• WHAT THE EXERCISE ASKS
Keyword search on "Large": report each line of the records that contains it.

*** Opening EXERCISE INPUTS ***

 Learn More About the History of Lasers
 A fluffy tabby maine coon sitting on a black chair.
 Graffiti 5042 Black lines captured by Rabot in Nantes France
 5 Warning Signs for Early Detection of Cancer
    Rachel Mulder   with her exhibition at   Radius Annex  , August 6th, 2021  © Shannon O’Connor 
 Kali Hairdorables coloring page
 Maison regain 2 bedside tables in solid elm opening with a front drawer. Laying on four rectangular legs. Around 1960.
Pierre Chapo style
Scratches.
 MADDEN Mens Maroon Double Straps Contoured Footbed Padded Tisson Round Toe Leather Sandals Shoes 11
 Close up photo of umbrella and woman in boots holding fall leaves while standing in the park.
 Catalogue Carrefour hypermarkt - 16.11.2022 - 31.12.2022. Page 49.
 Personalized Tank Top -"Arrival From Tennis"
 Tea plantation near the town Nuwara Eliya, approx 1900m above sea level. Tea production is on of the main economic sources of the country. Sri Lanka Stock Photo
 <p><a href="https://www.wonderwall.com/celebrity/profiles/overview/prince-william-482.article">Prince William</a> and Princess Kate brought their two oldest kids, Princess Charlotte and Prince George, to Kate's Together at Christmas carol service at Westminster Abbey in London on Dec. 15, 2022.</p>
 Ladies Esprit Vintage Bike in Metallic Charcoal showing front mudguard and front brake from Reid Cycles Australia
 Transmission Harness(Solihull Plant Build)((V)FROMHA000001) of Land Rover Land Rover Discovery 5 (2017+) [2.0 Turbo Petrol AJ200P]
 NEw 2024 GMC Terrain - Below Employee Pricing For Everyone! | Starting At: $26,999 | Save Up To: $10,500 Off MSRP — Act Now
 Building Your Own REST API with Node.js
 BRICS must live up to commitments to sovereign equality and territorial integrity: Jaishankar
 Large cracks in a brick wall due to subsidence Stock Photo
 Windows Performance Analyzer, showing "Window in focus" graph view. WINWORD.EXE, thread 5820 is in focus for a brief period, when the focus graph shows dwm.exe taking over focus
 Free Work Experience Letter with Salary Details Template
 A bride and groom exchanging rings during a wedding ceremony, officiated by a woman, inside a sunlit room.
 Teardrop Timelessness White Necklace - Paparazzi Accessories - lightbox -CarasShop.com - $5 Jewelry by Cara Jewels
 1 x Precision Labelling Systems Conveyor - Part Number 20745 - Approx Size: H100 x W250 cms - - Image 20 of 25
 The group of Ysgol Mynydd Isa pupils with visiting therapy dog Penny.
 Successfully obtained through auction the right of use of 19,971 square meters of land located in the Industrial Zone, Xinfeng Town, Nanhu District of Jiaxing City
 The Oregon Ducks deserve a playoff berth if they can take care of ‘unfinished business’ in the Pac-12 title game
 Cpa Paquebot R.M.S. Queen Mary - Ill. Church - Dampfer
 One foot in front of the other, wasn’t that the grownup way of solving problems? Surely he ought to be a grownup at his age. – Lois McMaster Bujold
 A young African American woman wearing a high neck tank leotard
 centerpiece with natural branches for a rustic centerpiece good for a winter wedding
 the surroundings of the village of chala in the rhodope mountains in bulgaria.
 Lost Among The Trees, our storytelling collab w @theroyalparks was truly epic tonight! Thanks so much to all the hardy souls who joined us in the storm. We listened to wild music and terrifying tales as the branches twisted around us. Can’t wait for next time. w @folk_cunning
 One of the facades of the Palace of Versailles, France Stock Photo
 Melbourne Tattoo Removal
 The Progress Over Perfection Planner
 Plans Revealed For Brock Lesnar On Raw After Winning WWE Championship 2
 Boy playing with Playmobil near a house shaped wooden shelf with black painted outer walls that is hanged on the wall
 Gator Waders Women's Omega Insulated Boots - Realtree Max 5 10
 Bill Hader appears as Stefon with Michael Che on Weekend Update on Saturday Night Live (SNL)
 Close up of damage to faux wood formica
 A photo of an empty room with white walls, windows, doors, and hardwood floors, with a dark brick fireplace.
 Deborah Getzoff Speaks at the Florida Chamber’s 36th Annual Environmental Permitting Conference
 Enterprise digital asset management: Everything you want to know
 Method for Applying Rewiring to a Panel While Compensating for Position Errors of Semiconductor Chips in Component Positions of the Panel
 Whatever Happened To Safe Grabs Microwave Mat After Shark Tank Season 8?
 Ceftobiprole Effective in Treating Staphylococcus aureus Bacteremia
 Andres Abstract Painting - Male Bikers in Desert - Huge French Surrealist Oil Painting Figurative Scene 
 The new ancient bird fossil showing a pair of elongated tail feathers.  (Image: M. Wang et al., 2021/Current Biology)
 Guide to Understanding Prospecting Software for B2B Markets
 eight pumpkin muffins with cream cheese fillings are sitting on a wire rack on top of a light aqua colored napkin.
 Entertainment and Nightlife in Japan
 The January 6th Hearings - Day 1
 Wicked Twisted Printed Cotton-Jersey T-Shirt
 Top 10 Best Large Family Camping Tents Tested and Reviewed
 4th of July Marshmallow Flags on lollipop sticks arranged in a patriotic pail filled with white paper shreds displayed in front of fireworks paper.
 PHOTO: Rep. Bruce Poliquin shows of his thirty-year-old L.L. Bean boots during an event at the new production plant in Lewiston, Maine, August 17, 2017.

*** Closing EXERCISE INPUTS ***

• EXPECTED OUTPUT
 Large cracks in a brick wall due to subsidence Stock Photo
 Top 10 Best Large Family Camping Tents Tested and Reviewed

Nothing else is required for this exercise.